そこに、動くなよ? と呟いてから、霊王さまは何やら呪文を唱え始める……すると、何だろう? 霊王さまの瞳が、きれいな緑色から、白ぼけた緑色に変わった。
……??? 本当にホント、霊王さまは何をしているのだろう?
そんなことを考え続けること数秒……ふぅ、とため息をついた霊王さまは、あたしから離れた。――その時点で瞳の色は元どおり、きれいな緑色に戻っていた。

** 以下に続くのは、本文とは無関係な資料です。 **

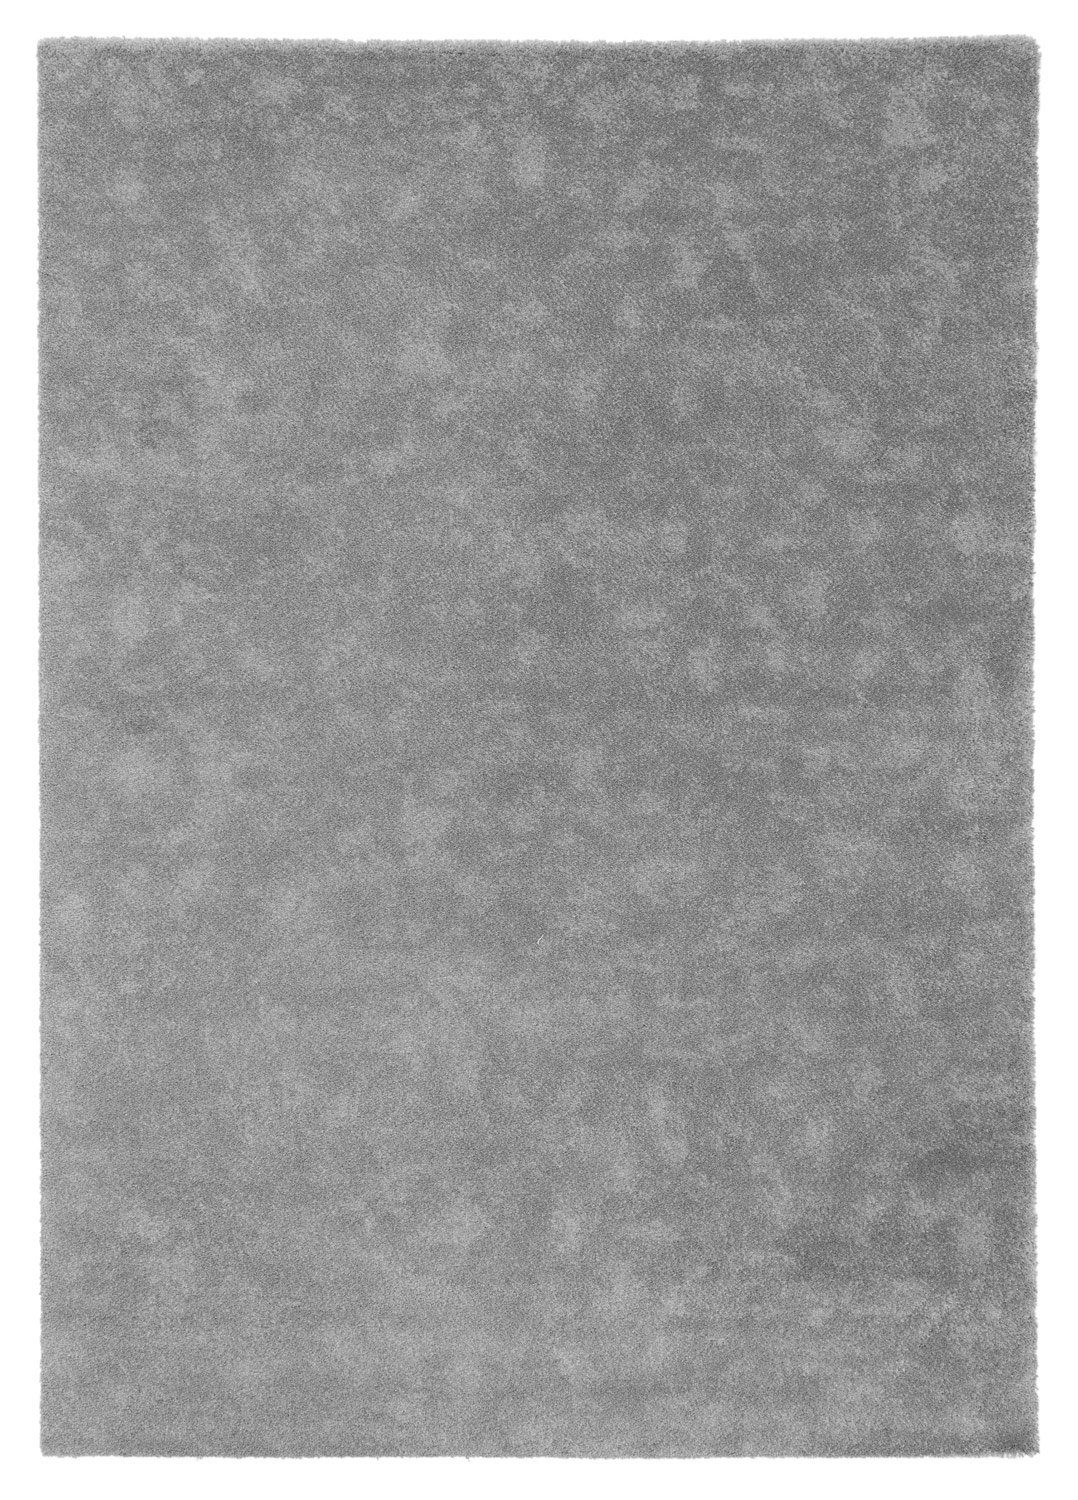 Teppich MOON, Polypropylen, Grau, 80 x 150 cm, Unifarben, Balta Rugs, rechteckig, Höhe: 17 mm

いや、な? と霊王さまは何をしていたのか? それをあたしに説明した。
「何か……まぁ、ただの〝感覚〟的なものじゃったから、何とも言えんのじゃが……リムル。お前の〝中に〟妙な〝気配〟を感じた気がしての? 念のために妾の魔法で身体を調べさせてもらったのじゃが……ふむ。どうやら妾の勘違いであったようじゃ。気持ちの悪いことを言ってすまんの。許せ」
「!!? あ――ああ! 何だ! そうだったの!? もう! 霊王さまってばびっくりさせないでよ~!」
「かかか、すまんすまん。――おお、そうじゃ。そんなことより今の制御方法を紙に記録しておかねばな? えーと、紙はどこに置いたんじゃったかな?」
「あ、霊王さま! 紙ならさっきそこに置いてありましたよ?」
「ん? どこじゃ?」
「そこそこ!」
…………。
霊王さまとファナはあたしから離れて行った。
その後、心臓が、バクバク、鳴ったままになっているあたしに、ハイジャはよりいっそう声を潜めて話しかけてきた。

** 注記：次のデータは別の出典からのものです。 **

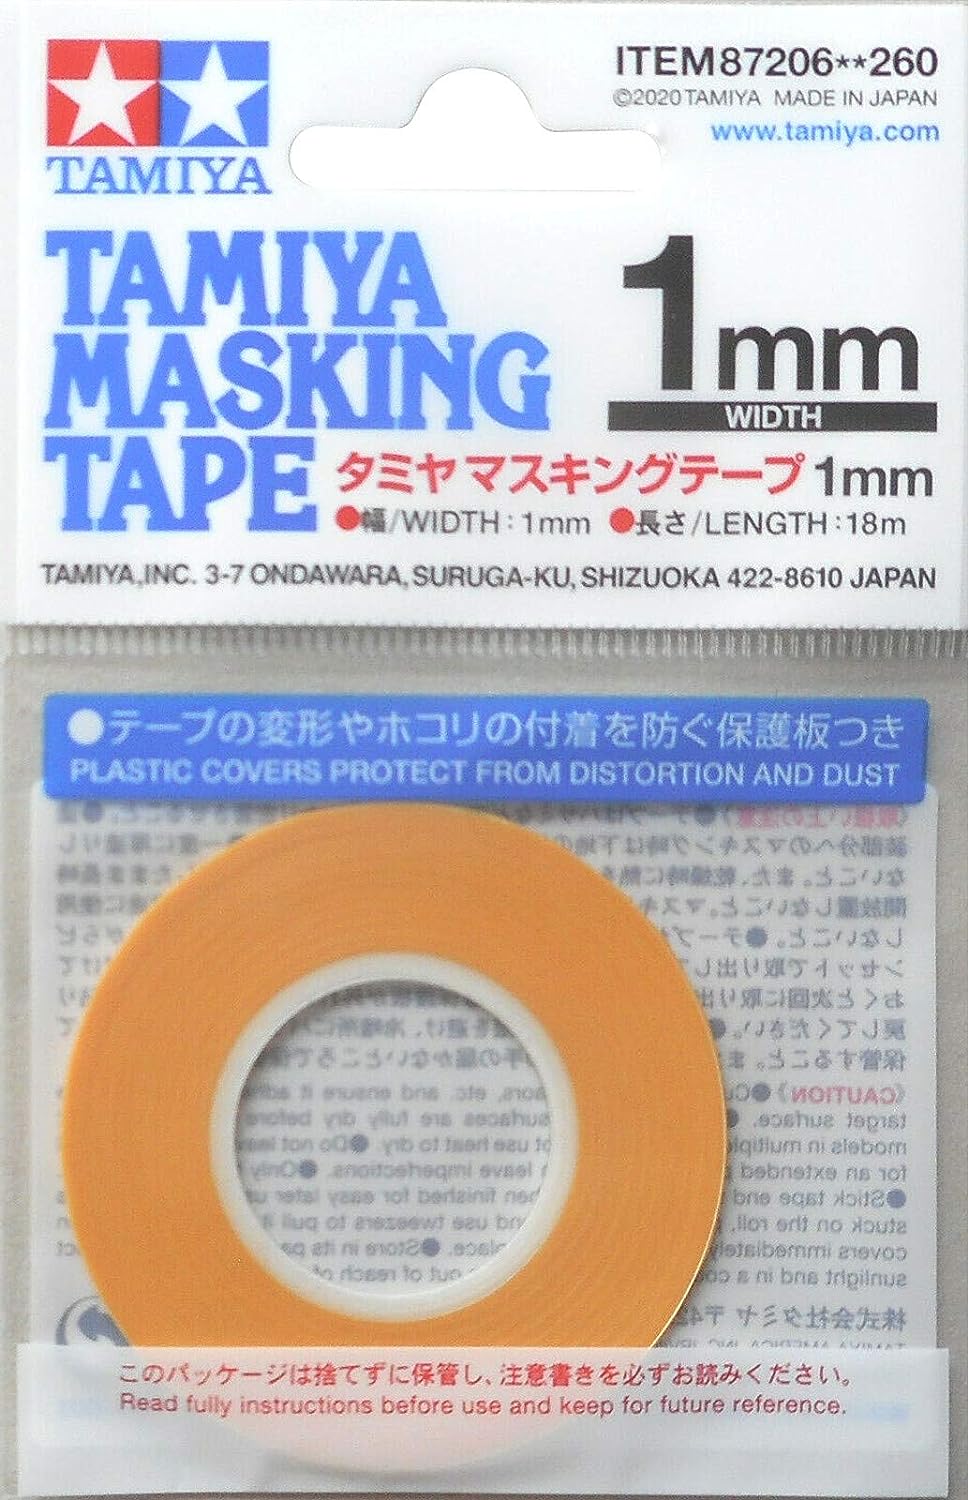 Tamiya: Masking Tape

『……あ、あっっっぶねー! もうちょっとで見つかるところだった! いや、マジ死んだと思ったよおれっち! 一度死んでおいてアレだけどさ!?』
「……ねぇ、ちょっと!」
と、あたしは霊王さまたちに背を向けて、同じく小声で話した。
「どういうこと? 霊王さまは何であんたに気づきかけたの?」
『詳しくはおれっちにも分からねぇ! ただ、今のおれっちは例えるなら……そう! 大量の落ち葉の中に落ちた、〝一枚の葉っぱ〟みたいな〝マナ〟しか持ってねぇ状態なんだ! 普通に考えたら肉眼でなんか見えるわけもないし、譬え魔法を使ってたとしても、おれっちの存在に気づくのなんてまず以って〝不可能〟ってやつなんだよ! それをあのロリバ……霊王さまは気づきかけたんだ! さすがは〝王〟って感じだぜ! だてに世界の〝王〟をやってねぇな!』
そ……そうなんだ。やっぱり、霊王さまってすごい〝王〟さまなんだ……。
『へい! 感心してる場合じゃねーぞ? 今調べられた時、おれっちはお前の手の〝力〟がギリギリ発動しない、〝手首〟に隠れて何とかやりすごしたが、もうあとほんの数センチ霊王さまが踏み込んで調べていたら……いや~! 死ぬ! マジで死ぬ! ホント、お前に〝力〟があってよかったぜ! 霊王さまもそれに触れちまわないように、手首の一歩手前で調べるのを止めてくれたからな! ――と! とにかくだ! おれっちはもう、訓練中は隠れて絶対出てこないようにするから、返事はまた後で! じゃあな!』
「あ、ちょっと!?」
………………。
……ダメだ。どうやら本格的に隠れることにしたらしい。何も返事は聞こえてこなかった。
しかし言いたいことだけ言って逃げるって……まぁ、いいか。返事は後でいいって言ってるんだし?
そう考えたあたしは、気にすることを止め、霊王さまたちの下へ駆け寄った。